Destruction, Appropriation, Appreciation

I look forward to a world where people will no longer feel like they have to destroy your culture to learn from it.
 
(Because all these innovations and pioneering ideas are ancient… especially within my ancestral history… but a culture who destroyed children set out to destroy the world to find it’s answers)
 
Tribes of peoples who carried their infants on their back to ensure they were always close were destroyed for the shame it instilled in a diseased explorer.
 
Nations of people were destroyed for their deep and loving connection to the earth… so heartless invaders – I say heartless with sorrow, not anger – torched the centuries old trees which the peoples loved so dearly. The trees were a race of people as well, we knew that. 
Shame was projected onto those cultures of people who could walk naked within their villages and day-to-day activities. Their love of their own bodies enraged grimy sailors – again due to fear and shame – so much that they raped and slaughtered these people.

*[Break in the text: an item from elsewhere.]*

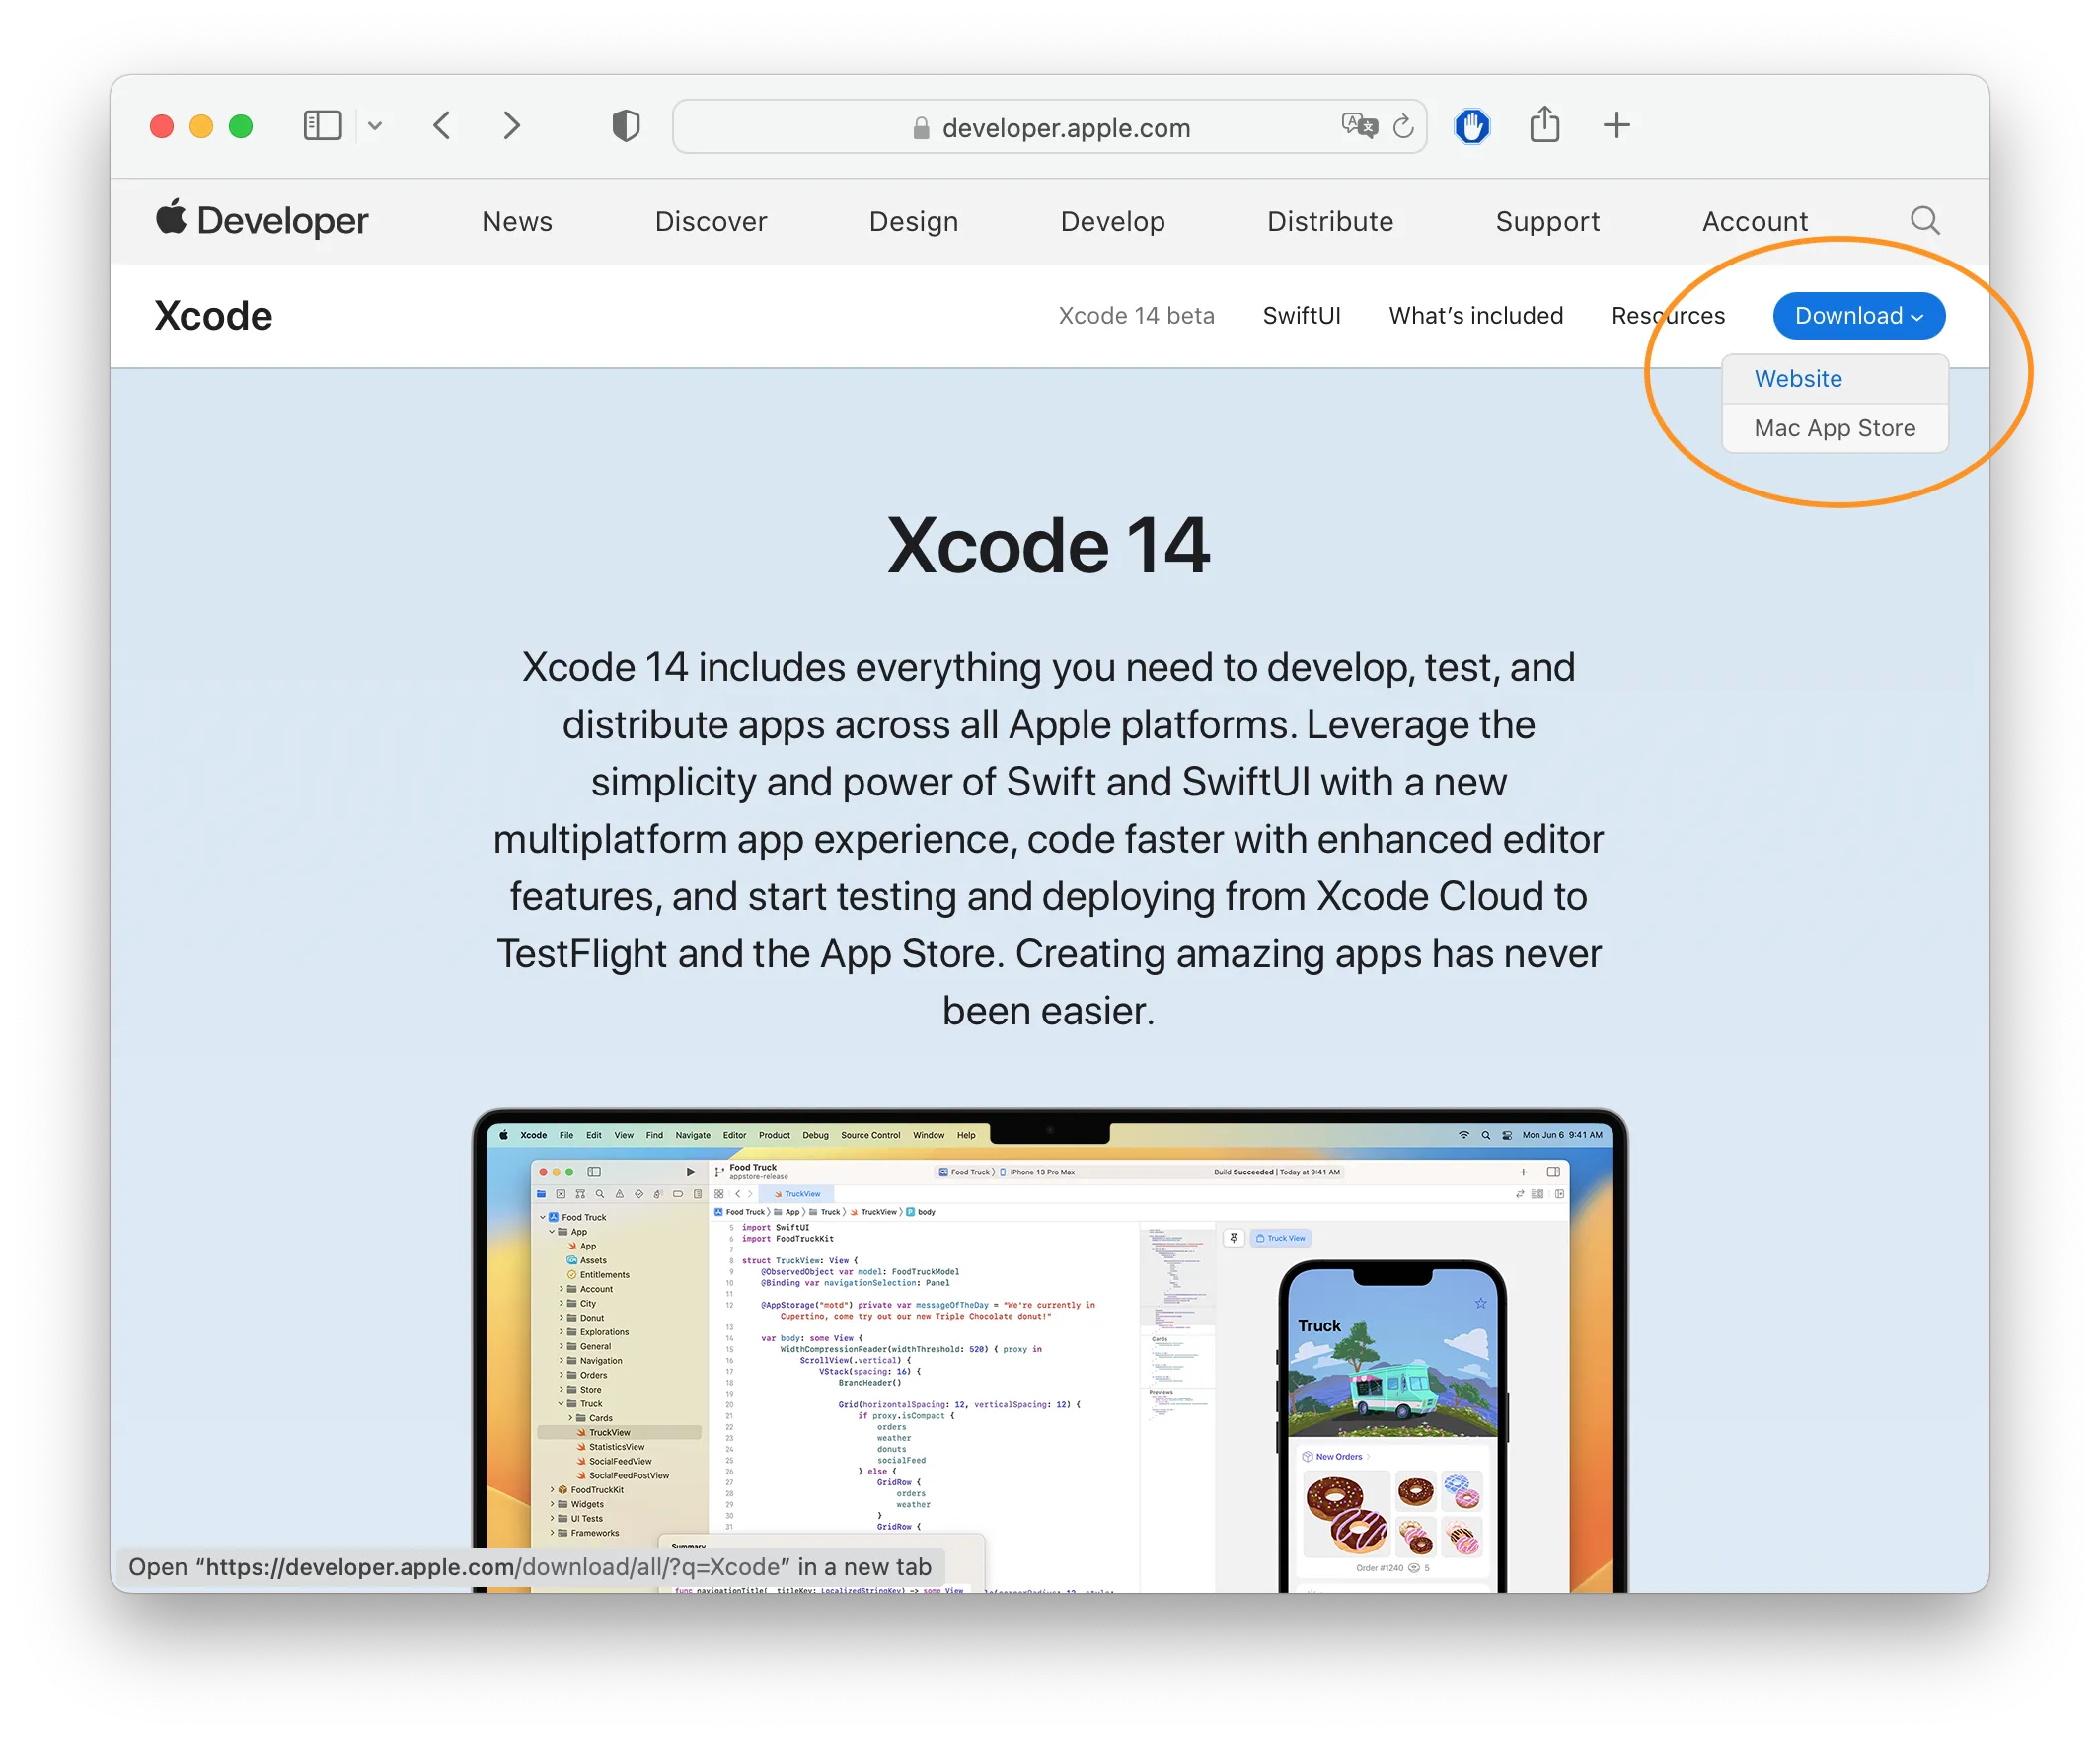 The Xcode page on Apple’s website

Why? Because if you love yourself so much, and love this world so much, then my parents and my culture must not be as safe and loving as I was trained to believe it was… That cannot be true, yet I know it to be. I simultaneously wish to merge with you and destroy you. I can’t merge with a love I can’t fathom, so I destroy it.
This is why we must never assimilate. The colonizers may have had their own M.O., but to be truly Indigenous, one must look at how their ancestors conducted themselves and seek to follow that M.O. even if it feels impossible today.
It is easy to blame – but that is a colonial concept. My culture has no word for “sorry.” If there’s no word for sorry there is nobody to blame, right? But, usually this idea is worldview is brought up, because if we had no word for sorry, we just were extremely responsible for our own actions. If I know I did something wrong, I won’t do it again. Simple as that. My point is, that I feel that my culture focused on finding solutions to problems. There was no desire to shame someone for making a mistake.
If you took my knife, what would I do? I’d like to think that because we were not so possessive about our stuff many possibilities were available to us in terms of solutions. Maybe I’d think, “Well, they must’ve needed a knife. I can make another.” Or, if I felt concerned – maybe I actually really liked that knife – in a culture that isn’t shaming if I say, “You took my knife.” Your initial response would be of kindness rather than defensiveness. Maybe you’d say, “Oh, have your knife back.” Or a conversation could happen in which either I get my knife back, and maybe I give you something because you need a knife, maybe I give you some material you need to make your own. Maybe I tell you who makes good knives. Maybe I ask if someone has a knife you need. Maybe your mind was somewhere else, and maybe I don’t judge you for your mind being off somewhere. But, we pay attention to you in case something’s up.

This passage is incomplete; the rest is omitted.